** INFORMATION GIVEN **
§
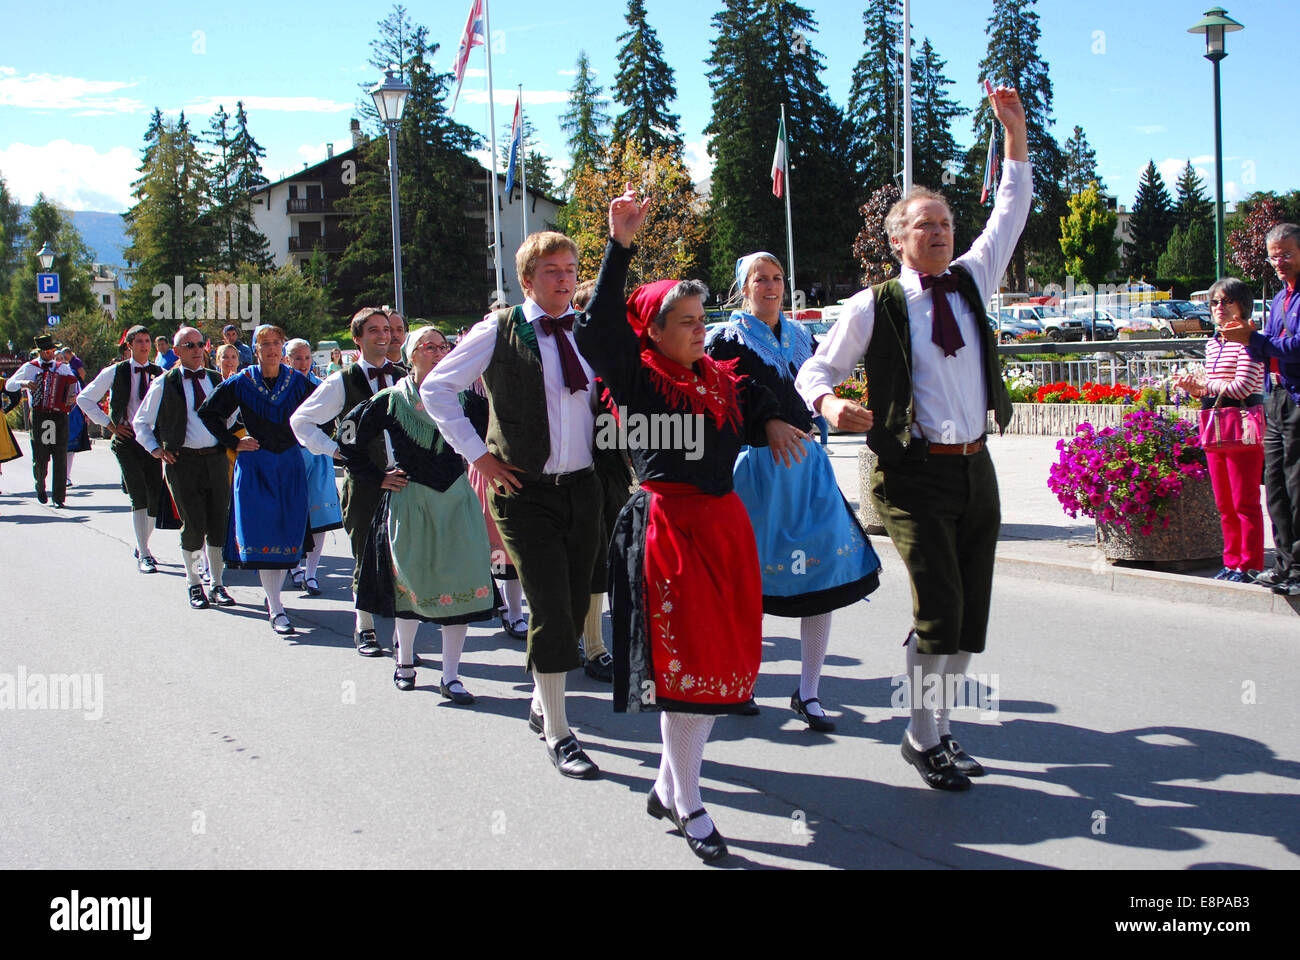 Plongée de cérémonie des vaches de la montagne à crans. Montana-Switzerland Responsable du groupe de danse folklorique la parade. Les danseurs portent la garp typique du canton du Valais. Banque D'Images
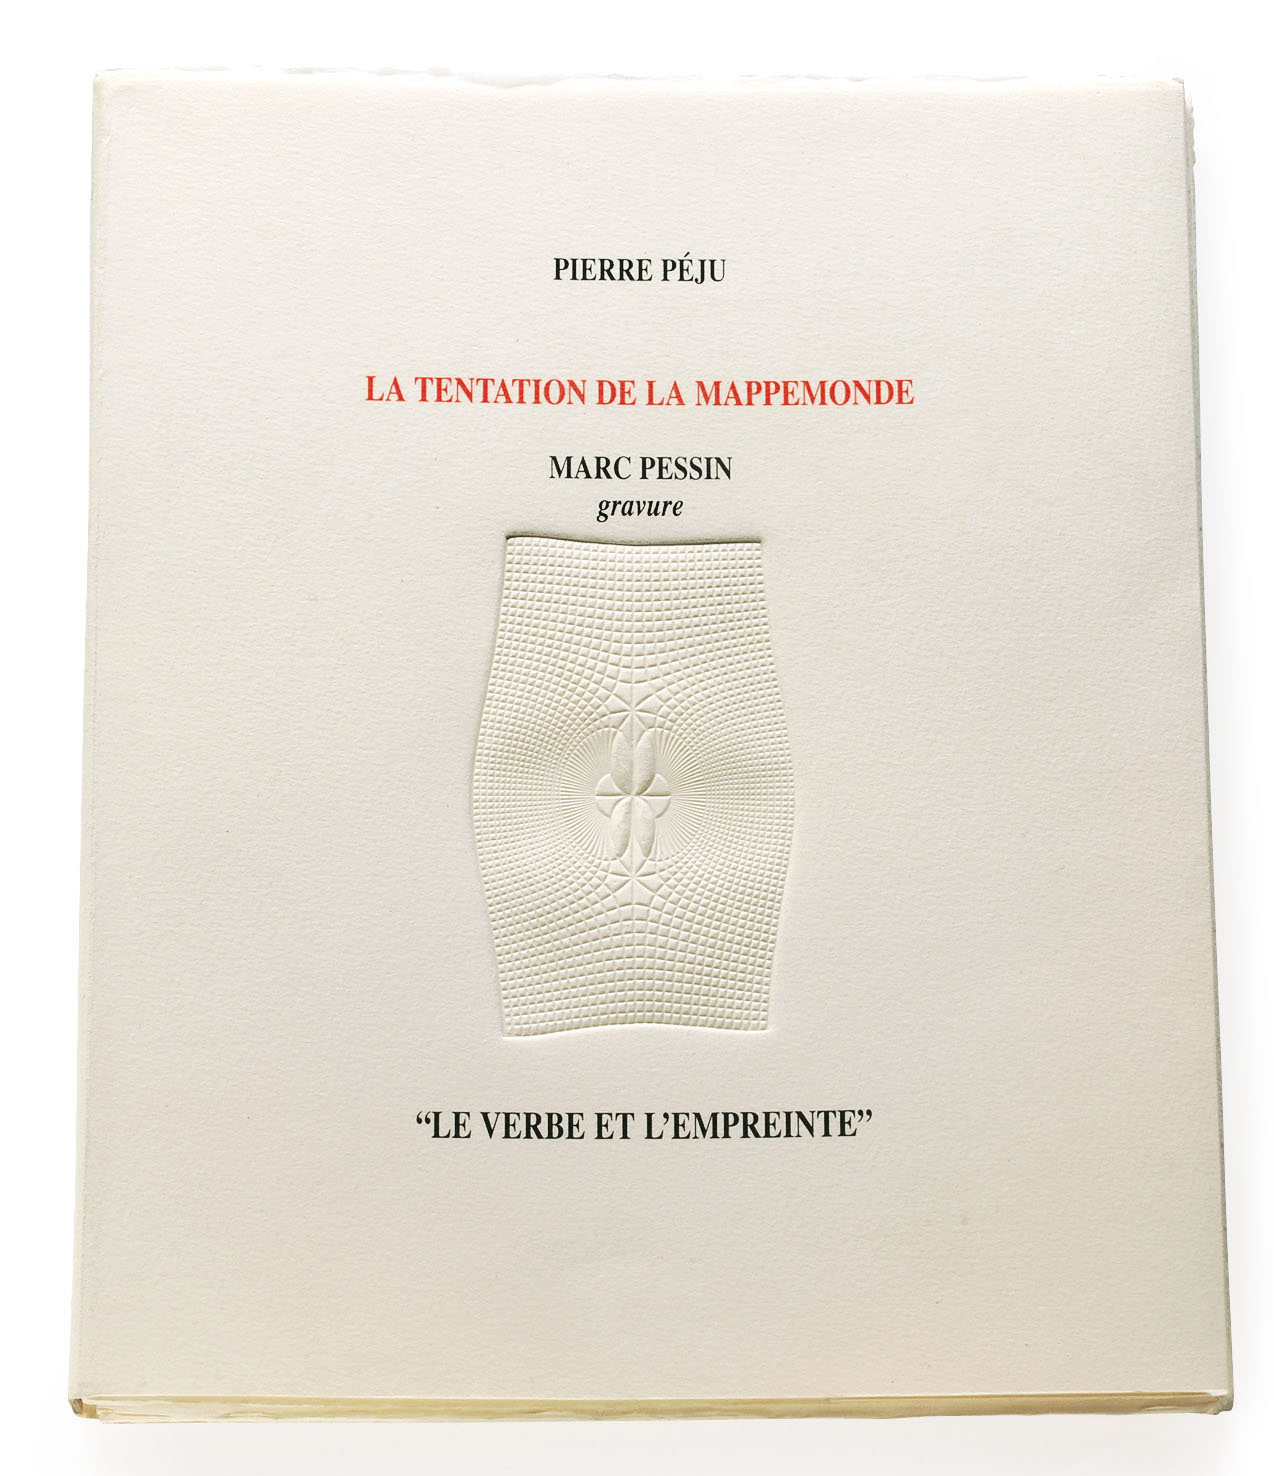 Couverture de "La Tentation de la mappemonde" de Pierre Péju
§
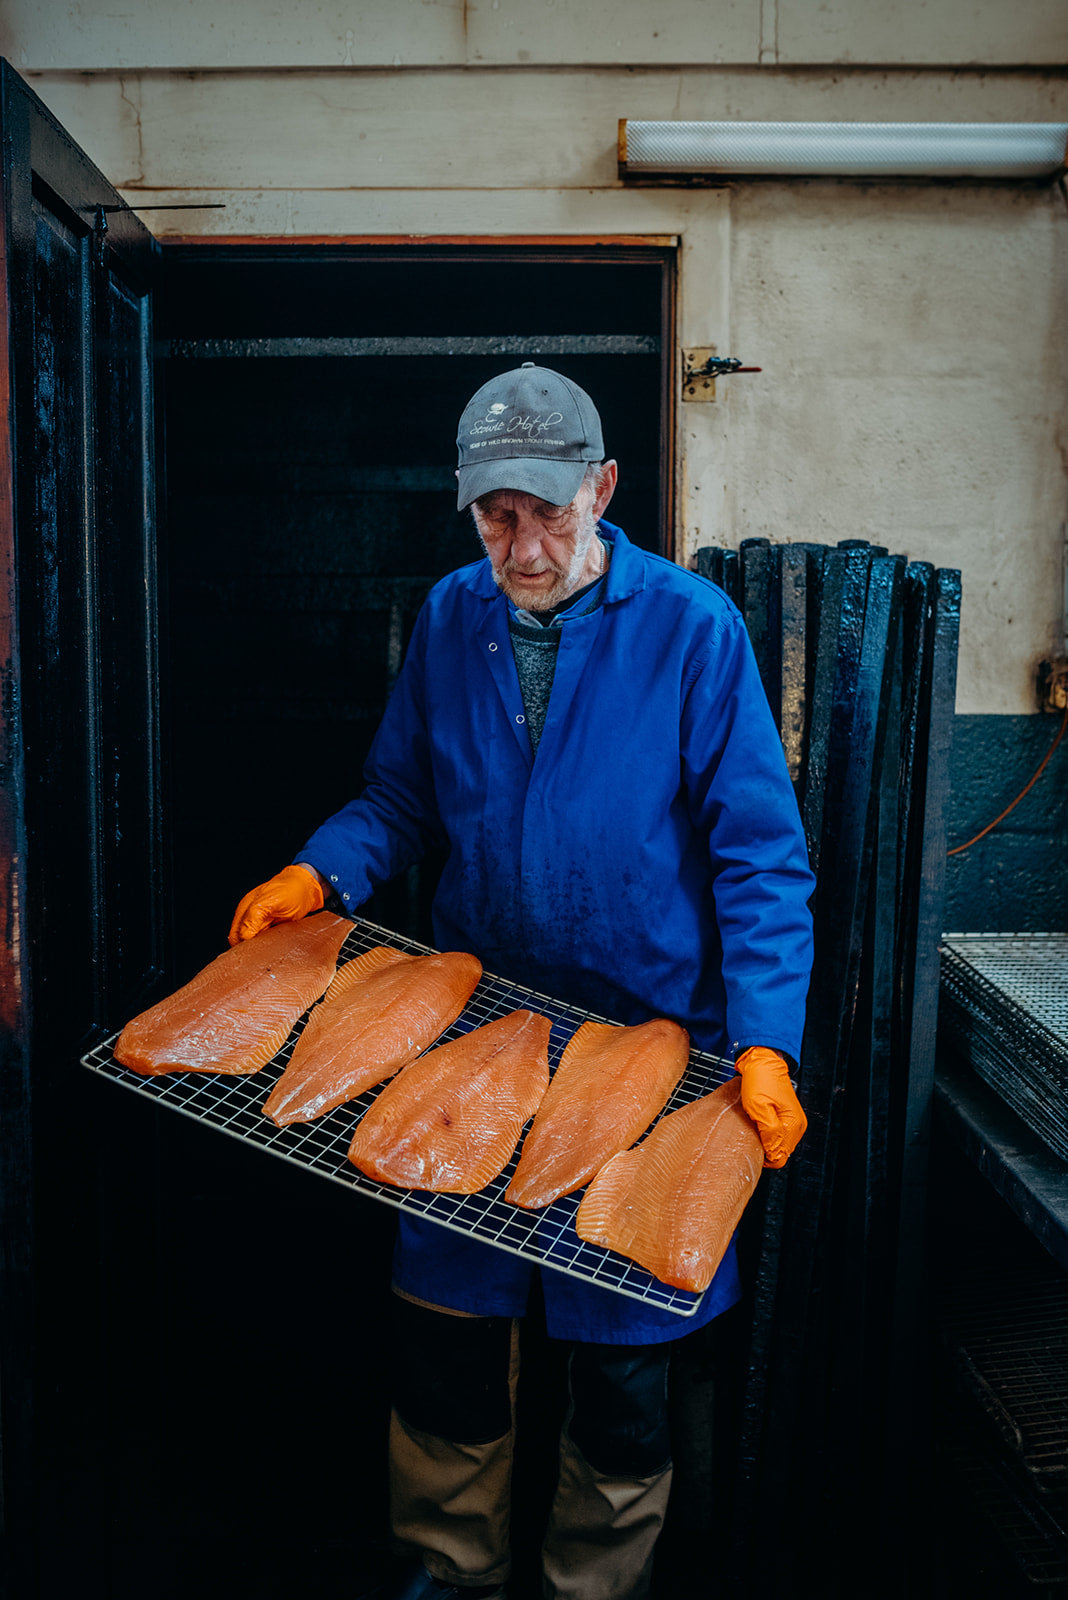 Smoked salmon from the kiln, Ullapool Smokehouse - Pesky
§
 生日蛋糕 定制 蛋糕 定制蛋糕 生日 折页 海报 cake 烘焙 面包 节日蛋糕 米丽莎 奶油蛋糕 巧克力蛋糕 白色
§
Give back exactly the lines above that run from the one with "Plongée de cérémonie" to the one with "de Pierre Péju", including both, with the pictures left out.

 Plongée de cérémonie des vaches de la montagne à crans. Montana-Switzerland Responsable du groupe de danse folklorique la parade. Les danseurs portent la garp typique du canton du Valais. Banque D'Images
 Couverture de "La Tentation de la mappemonde" de Pierre Péju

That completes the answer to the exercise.